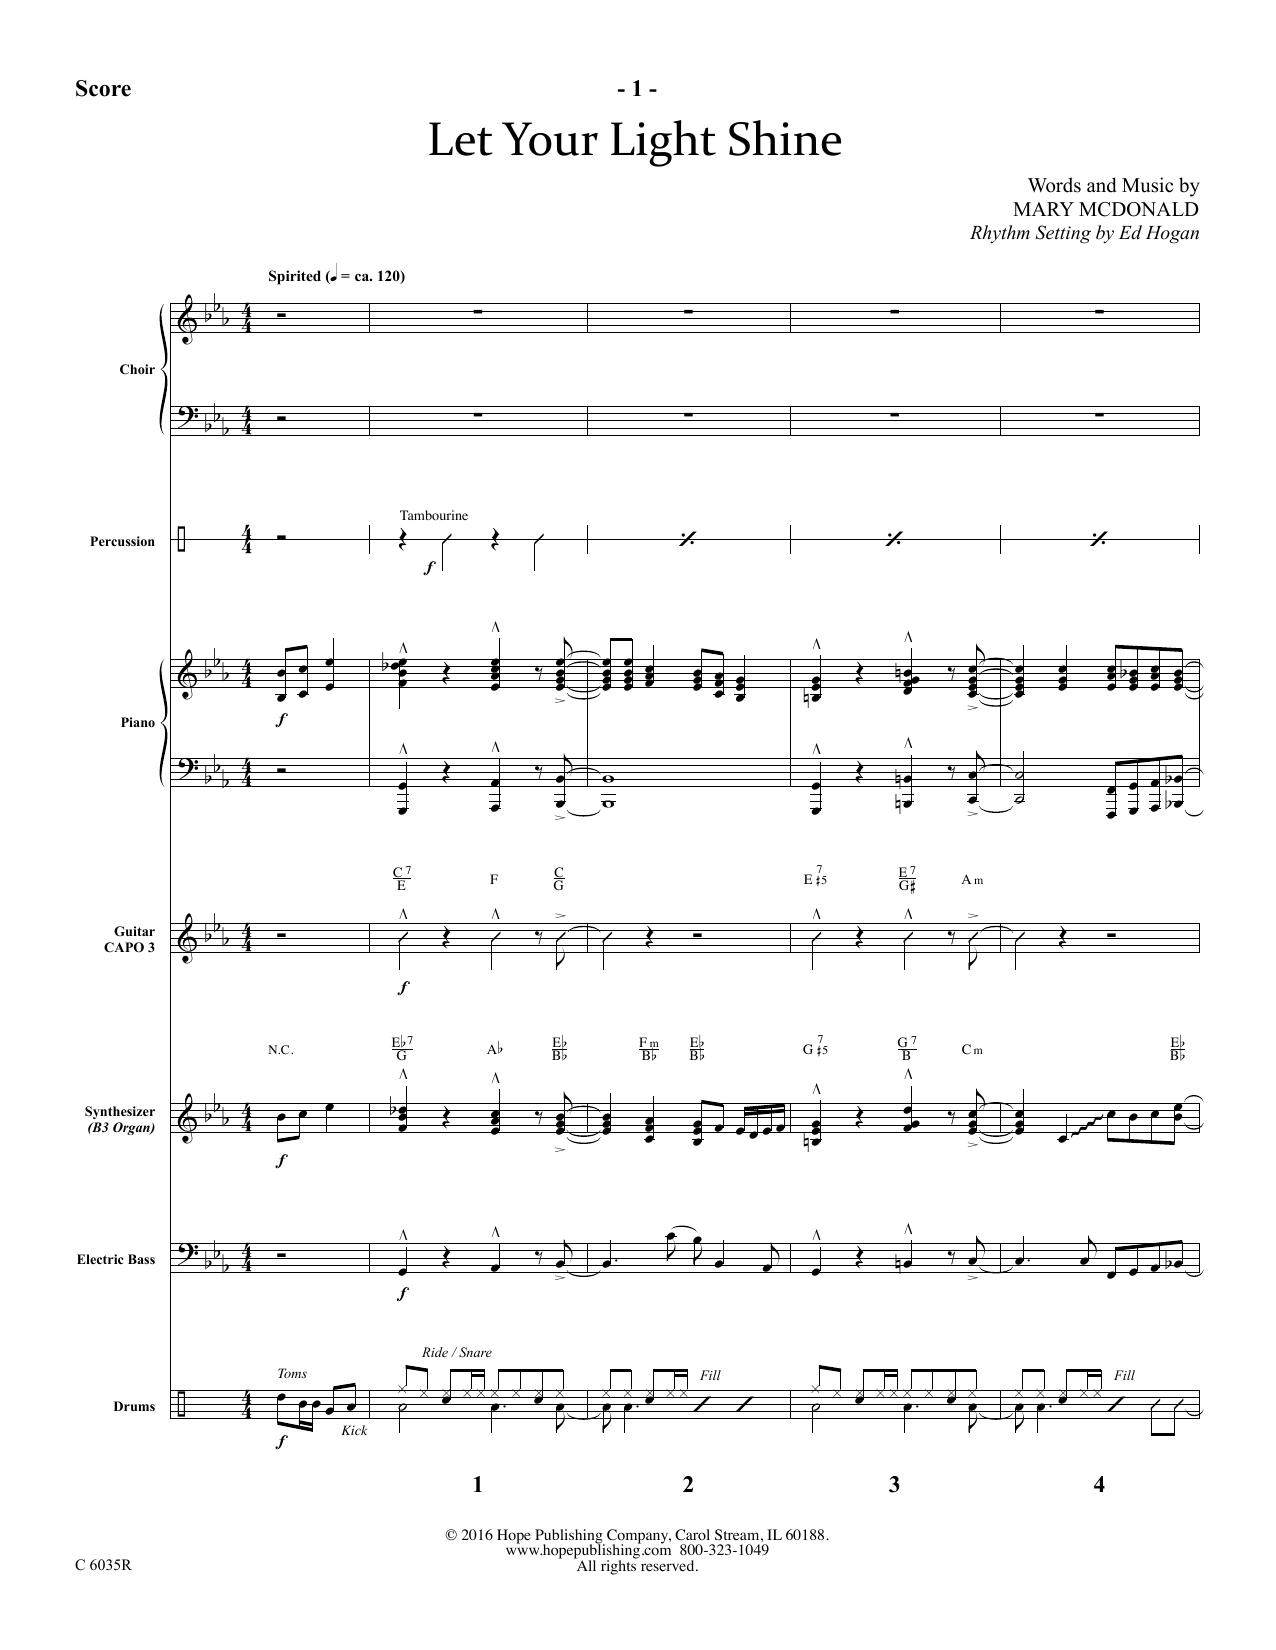 Download Mary McDonald Let Your Light Shine - Full Score Sheet Music
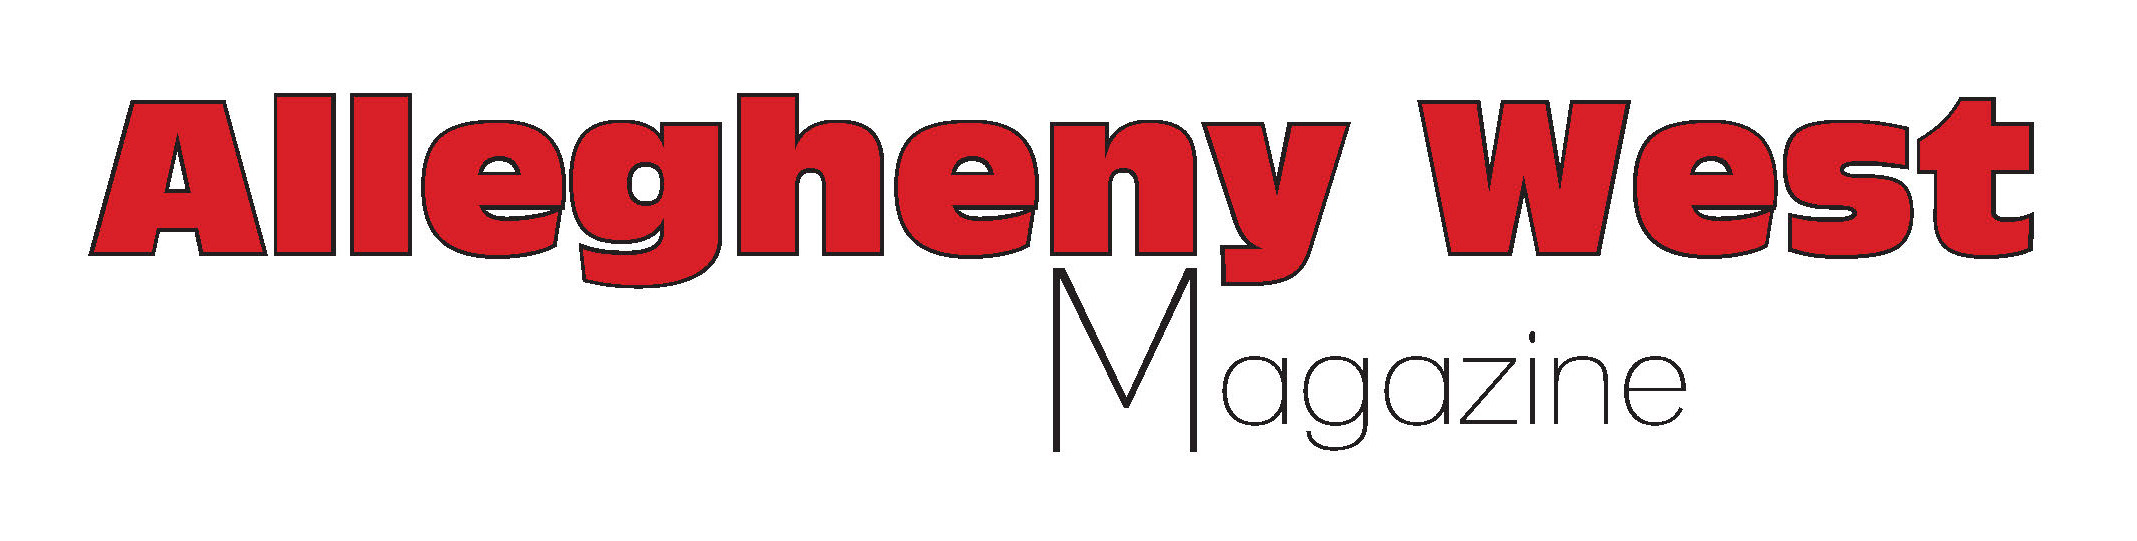 Advertise with Allegheny West Magazine 
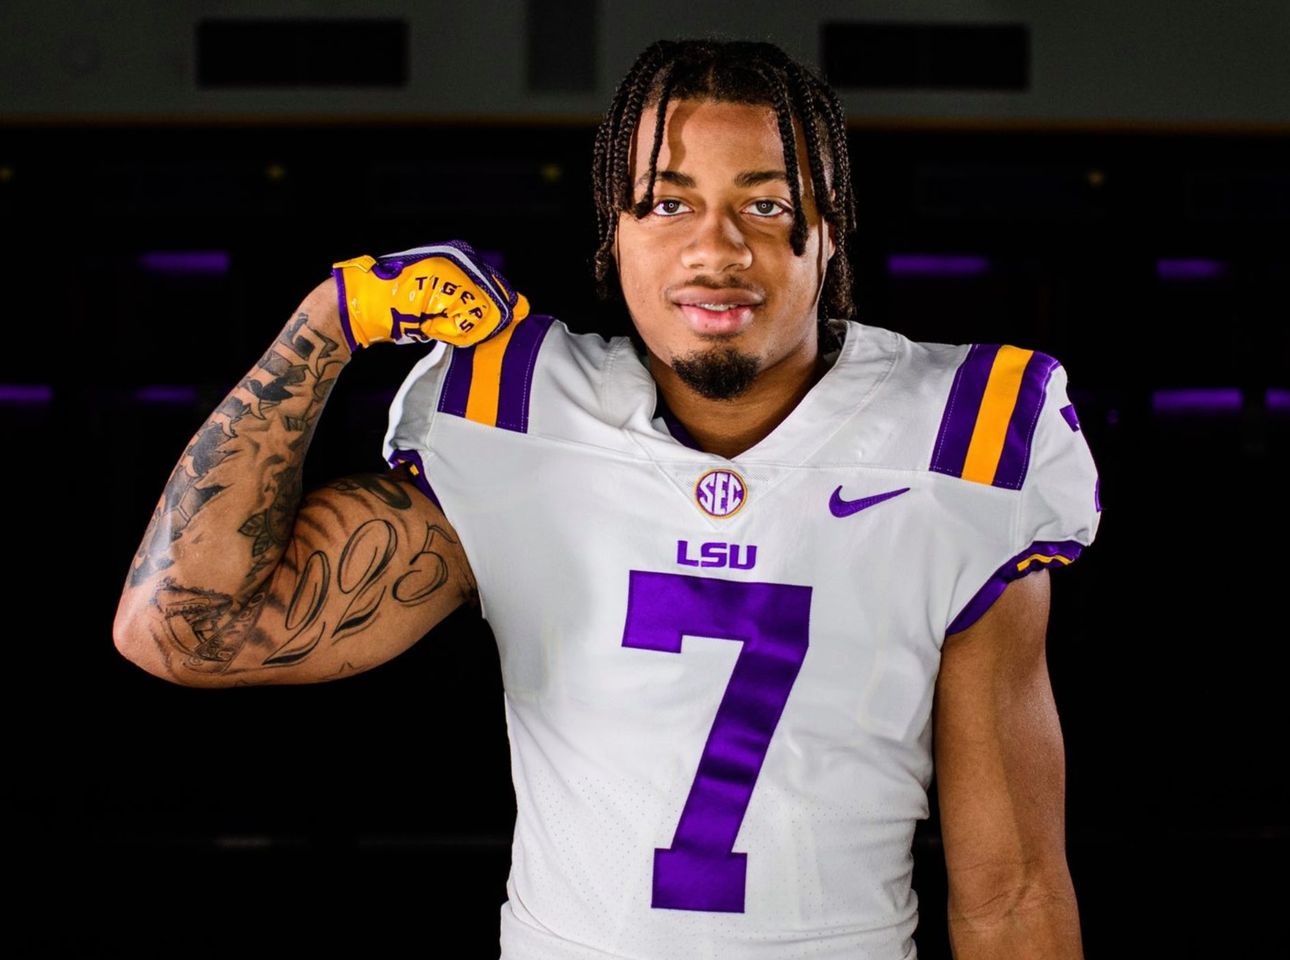 Who else would LSU's new No. 7 be but Derek Stingley Jr.?

**What you are asked to do**
In your copy, the listing above should appear word for word, with no images.

**Problem solution**
 Download Mary McDonald Let Your Light Shine - Full Score Sheet Music
 Advertise with Allegheny West Magazine 
 Who else would LSU's new No. 7 be but Derek Stingley Jr.?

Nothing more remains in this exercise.